Метаисторический акт, в ментальном аспекте, есть ни что иное, как актуализация креативных способностей субъекта. Внутренним источником любой формы активности, в том числе и активности исторической, выступают виртуальные способности целостного и универсального человека. Подчеркивая особую активность человека в мире, Л.Сэв определяет его "способности в качестве актуальных потенциальностей, дающих возможность совершить какой бы то ни было акт на каком бы то ни было уровне"[242]. В исторических действиях актуализируются потенциальности субъекта, которые объектоцентризмом приписываются объекту в качестве неких имманентных законов его само -движения, независящих от стремлений и воли субъекта. Субъектом исторического акта при субъектном подходе является человек и изменения в объекте, экзистенциально коррелируют с самоизменениями в нем, обусловлены его потребностями, а не внутренней необходимостью объекта. В своей исторической драме человек одновременно выступает и героем и злодеем, одновременно созидающим мир и отчуждающимся его от себя, впадающим к нему в унизительную зависимость. Вся энергетика исторического движения сосредоточена в человеческих способностях и потребностях. Посредством своих способностей человек творит по-требные ему экзистенциальные формы, при этом, не всегда то, что требуется ему в качестве субъекта истории соответствует тому, что он призван осуществлять выступая субъектом метаистории. В сложной диалектике способностей и потребностей Человека, отпавшего от Абсолюта, и необходимо, на наш взгляд, отыскивать ответ на вопрос об энергетическом источнике столь неоднозначного по своим экзистенциальным последствиям исторического процесса.
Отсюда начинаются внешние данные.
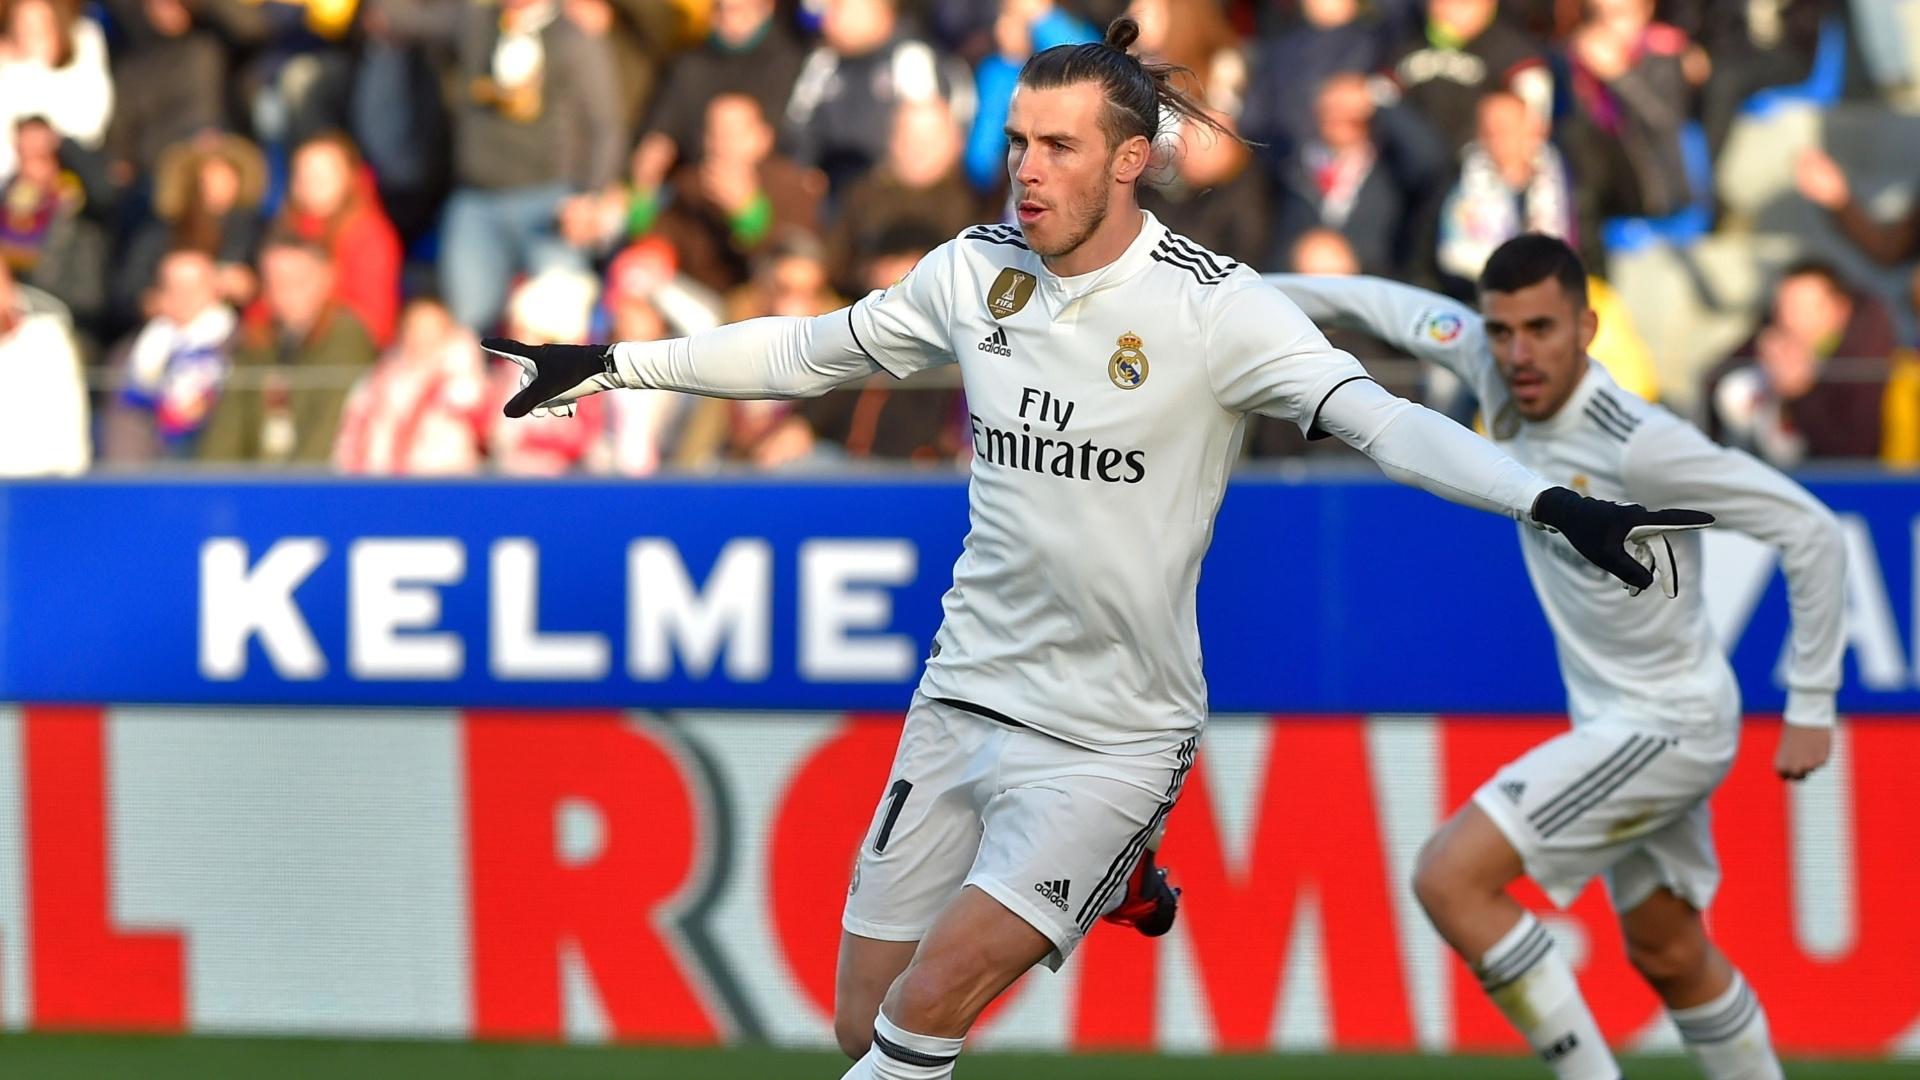 Gareth Bale comemora gol marcado para o Real Madrid contra o Huesca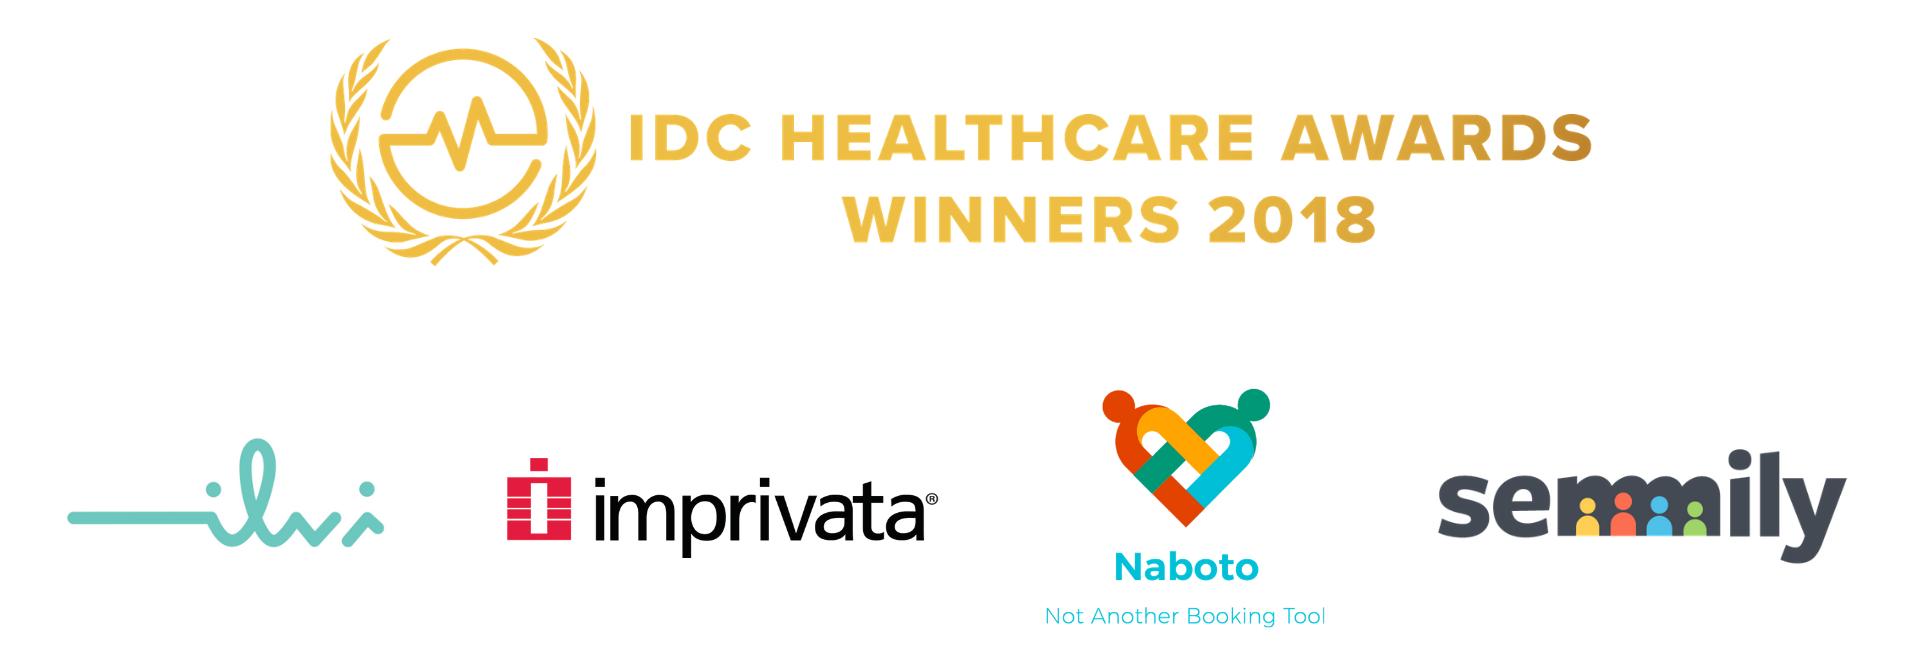 IDC Healthcare Awards 2018

В философско-антропологическом анализе исторического состояния человеческой активности, на наш взгляд, категории потребности и способности должны составлять собой диалектическую пару. Эти взаимодополнительные категории вполне достаточны для описания двустороннего процесса объективации субъекта и субъективации объекта в качестве единого экзистенциального акта, дающего субъекту возможность не только расширить сферу своего присутствия в мире, но и выяснить насколько его отношения с миром и с самим собой являются одухотворенными и гармонизированными. Если способности связаны с ментализацией мира, то потребности - с онтологизацией человека. Мир при этом обретает свое человеческое измерение, а человек - обмирщвленные экзистенциальные формы.

Способности субъекта по своей сути интенциональны и выступают порождающим, творящим началом. «Как много можем мы совершить только потому, - писал Зиммель, - что верим в свои возможности, как часто наши способности достигают апогея своего развития только благодаря тому, что мы ожидаем от них гораздо большего, как часто люди в определенной ситуации действуют достойным образом по принципу “noblesse obige” (положение обязывает – Ю.Ф.), поступая так не потому, что обладают необходимыми для этого качествами, а только благодаря своей вере в то, что этими качествами располагают»[243]. Способности интенционально восходят к свободе Духа или духовной Свободе и стягиваются в некую “инструментальную тотальность” личности принципом веры, прежде всего верой в креативные возможности Человека.Способности есть некий механизм, трансформирующий трансценденцию в существование, экзистенцию, а последнюю - в объективированные структуры сущего.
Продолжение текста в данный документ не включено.